When we were in California, my sister encouraged a daily morning look at the Electoral Vote Predictor. The picture in mid-August was serene: Kerry had a consistent, comfortable lead as chronicled on this excellent site. This morning, however, was not so pretty. A place to watch.
I’m back, and before I get to describing some of the highlights of a wonderful, restful summer break, I want to recommend two books I read.
First, The Wisdom of Crowds. I like James Surowiecki’s columns in The New Yorker, but at first I thought this book might have been better as a column. Too often, a good idea can be stretched into book length when it isn’t merited. But The Wisdom of Crowds just got better and better.
The book examines the many instances where, as the subtitle has it, “the many are smarter than the few”. It also looks at the circumstances when this doesn’t apply, and the way to design organisations to take advantage of collective wisdom. It certainly had me questioning my faith in expert opinion. A book that transforms the way you look at many things.

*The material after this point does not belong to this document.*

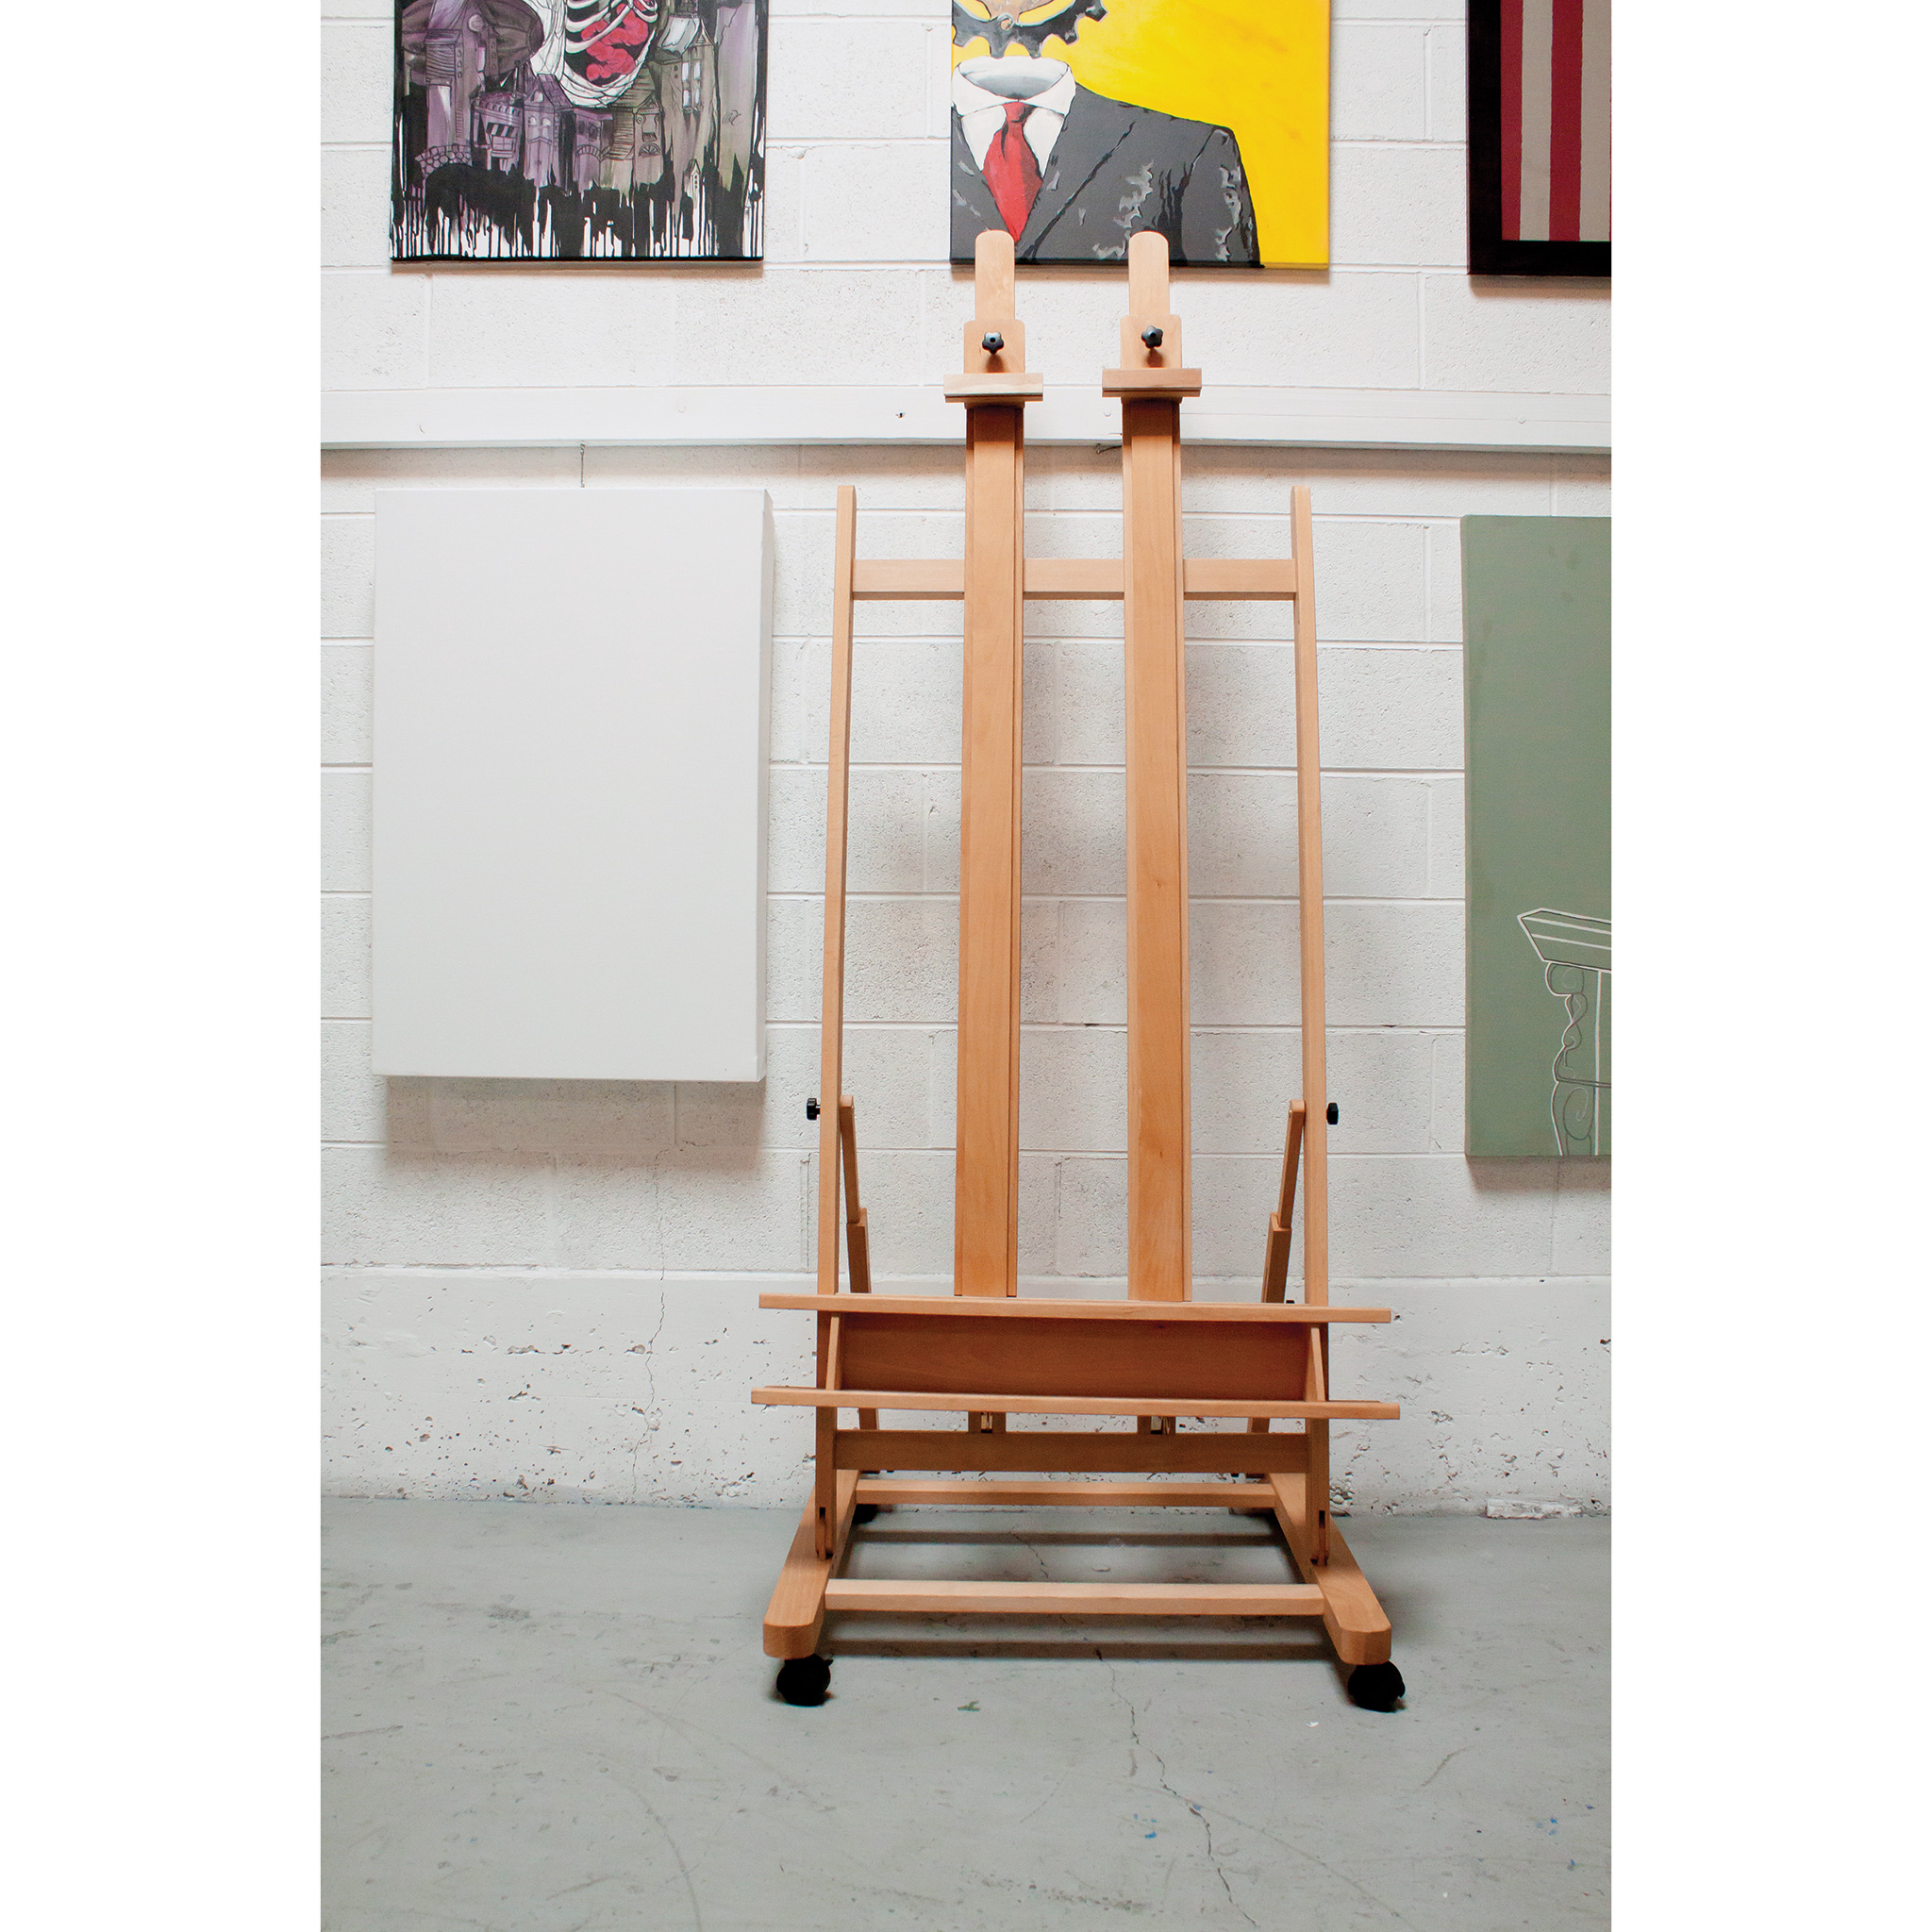 Large Heavy-Duty Studio Artist Easel H-Frame Wood Painting Art Easel  Standing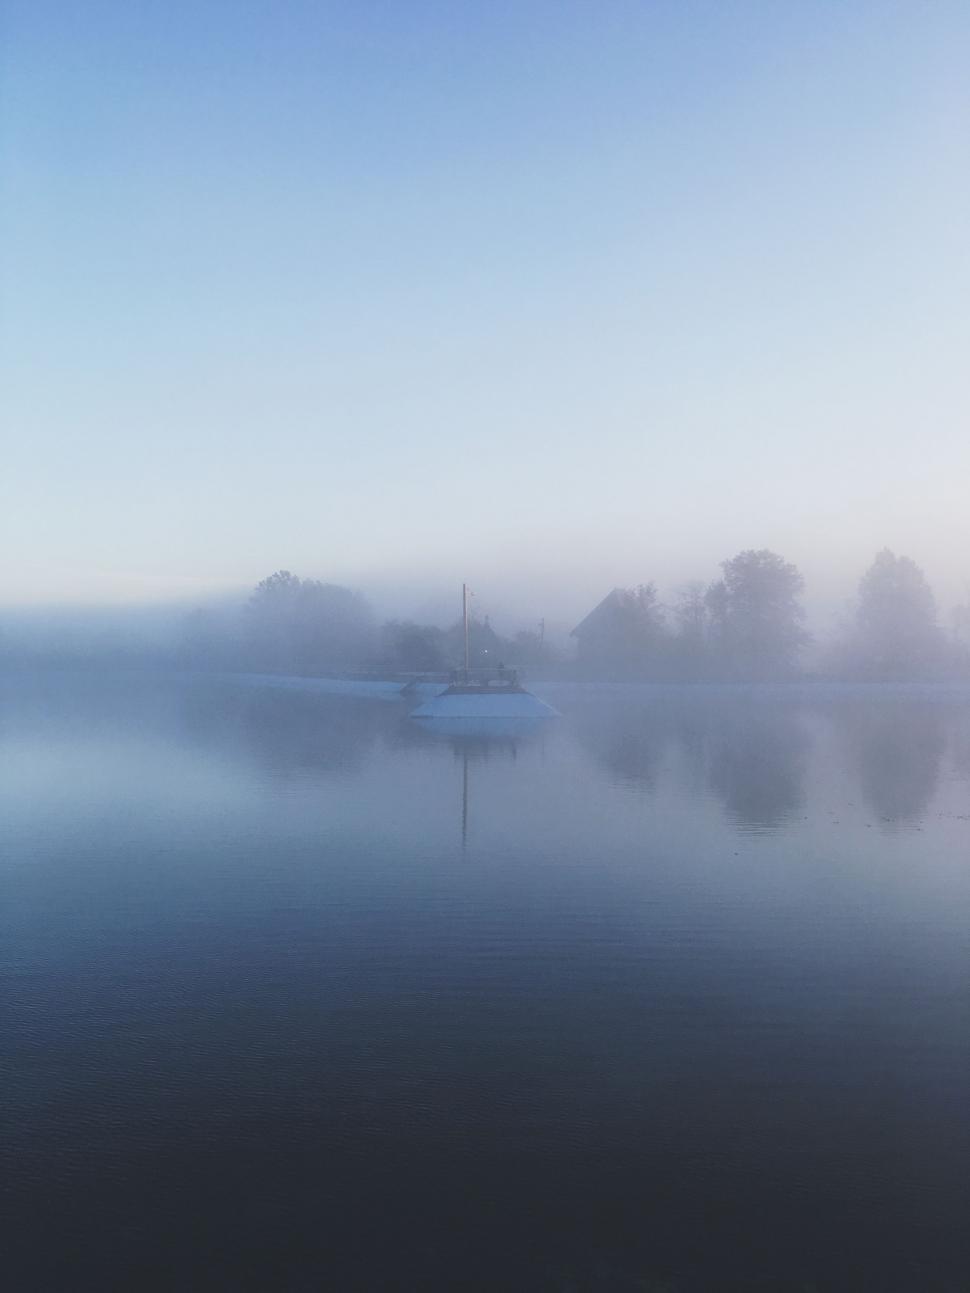 Free Image of Boat on a Foggy Lake

On a very different note, Tom Holland’s Rubicon, about the fall of the Roman Republic, is both gripping narrative history and a lesson for our own times (appropriately, Chris Lydon has some reflections on the current American empire).
Finally, a friend who is a very good and tough judge of these things says The Company of Strangers is a must read. That’s next up for me, once I finish Battle Cry of Freedom (which I should have read years ago, I know, but it’s been worth the wait).